The most commonly used models for word embeddings are [word2vec](https://github.com/dav/word2vec/) and [GloVe](https://nlp.stanford.edu/projects/glove/) which are both unsupervised approaches based on the distributional hypothesis (words that occur in the same contexts tend to have similar meanings).


![Замещающий текст](https://developers.google.com/machine-learning/crash-course/images/linear-relationships.svg)
Image from [developers.google.com](https://developers.google.com/machine-learning/crash-course/embeddings/translating-to-a-lower-dimensional-space)

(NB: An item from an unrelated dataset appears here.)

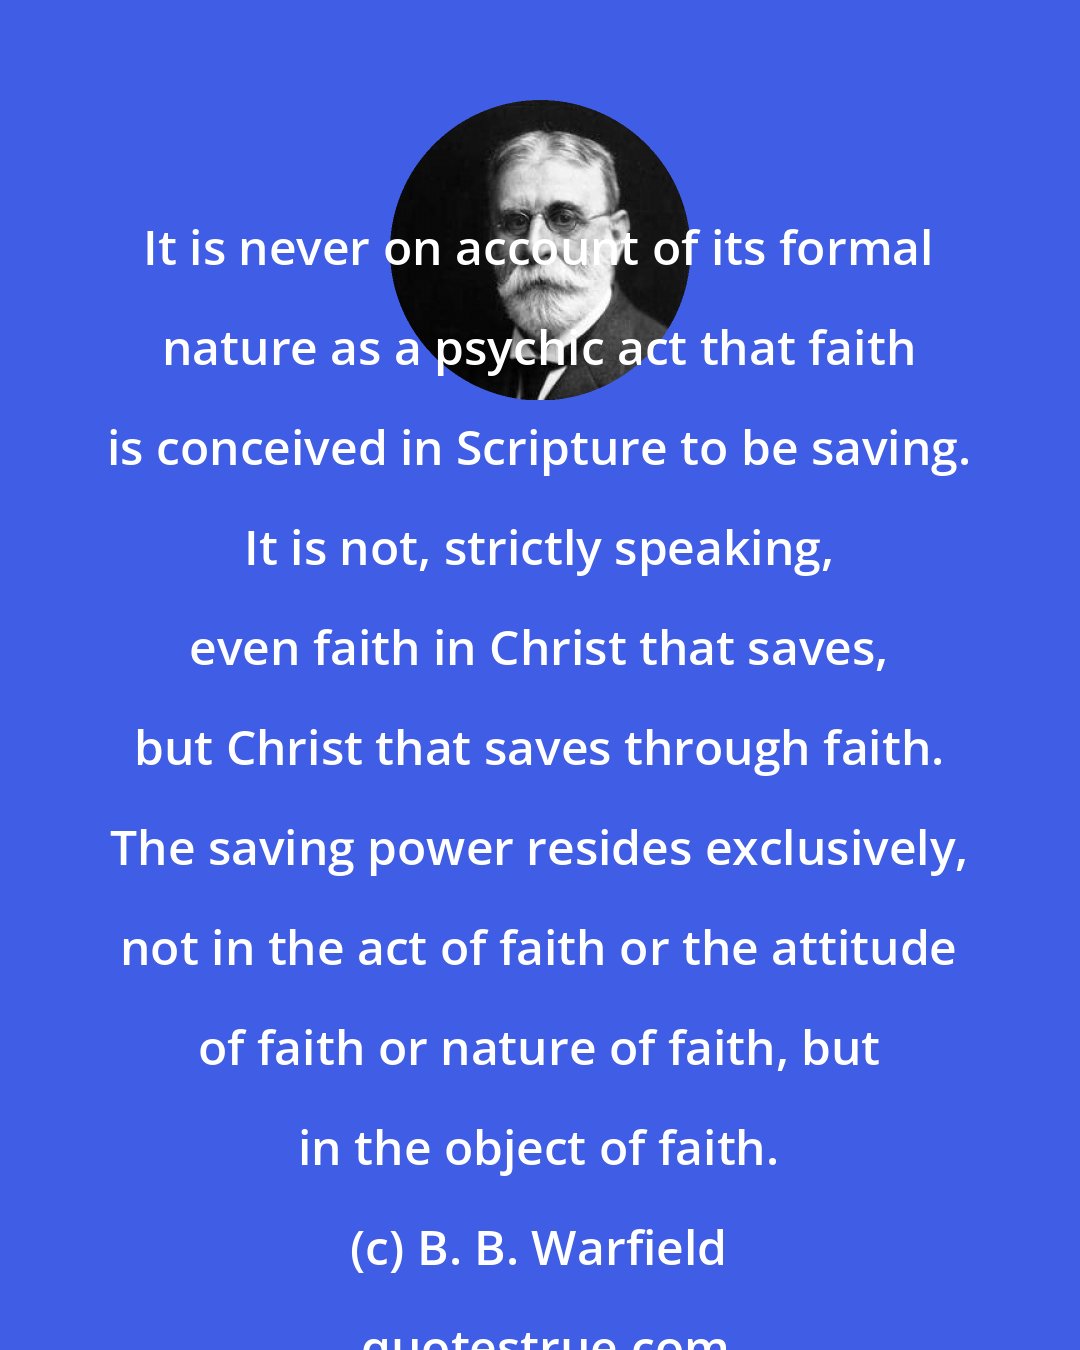 B. B. Warfield: It is never on account of its formal nature as a psychic act that faith is conceived in Scripture to be saving. It is not, strictly speaking, even faith in Christ that saves, but Christ that saves through faith. The saving power resides exclusively, not in the act of faith or the attitude of faith or nature of faith, but in the object of faith.

Word2Vec vectors even allow some mathematic operations on vectors. For example, in this operation we are using word2vec vectors for each word:

**king - man + woman = queen**

Another word embedding method is **Glove** (“Global Vectors”). It is based on matrix factorization techniques on the word-context matrix. It first constructs a large matrix of (words x context) co-occurrence information, i.e. for each “word” (the rows), you count how frequently we see this word in some “context” (the columns) in a large corpus. Then this matrix is factorized to a lower-dimensional (word x features) matrix, where each row now stores a vector representation for each word. In general, this is done by minimizing a “reconstruction loss”. This loss tries to find the lower-dimensional representations which can explain most of the variance in the high-dimensional data.

In [1]:
!pip install gensim

Collecting gensim
  Downloading gensim-4.3.3-cp312-cp312-macosx_11_0_arm64.whl.metadata (8.1 kB)
Collecting numpy<2.0,>=1.18.5 (from gensim)
  Downloading numpy-1.26.4-cp312-cp312-macosx_11_0_arm64.whl.metadata (61 kB)
Collecting scipy<1.14.0,>=1.7.0 (from gensim)
  Downloading scipy-1.13.1-cp312-cp312-macosx_12_0_arm64.whl.metadata (60 kB)
Collecting smart-open>=1.8.1 (from gensim)
  Downloading smart_open-7.0.4-py3-none-any.whl.metadata (23 kB)
Collecting wrapt (from smart-open>=1.8.1->gensim)
  Downloading wrapt-1.16.0-cp312-cp312-macosx_11_0_arm64.whl.metadata (6.6 kB)
Downloading gensim-4.3.3-cp312-cp312-macosx_11_0_arm64.whl (24.0 MB)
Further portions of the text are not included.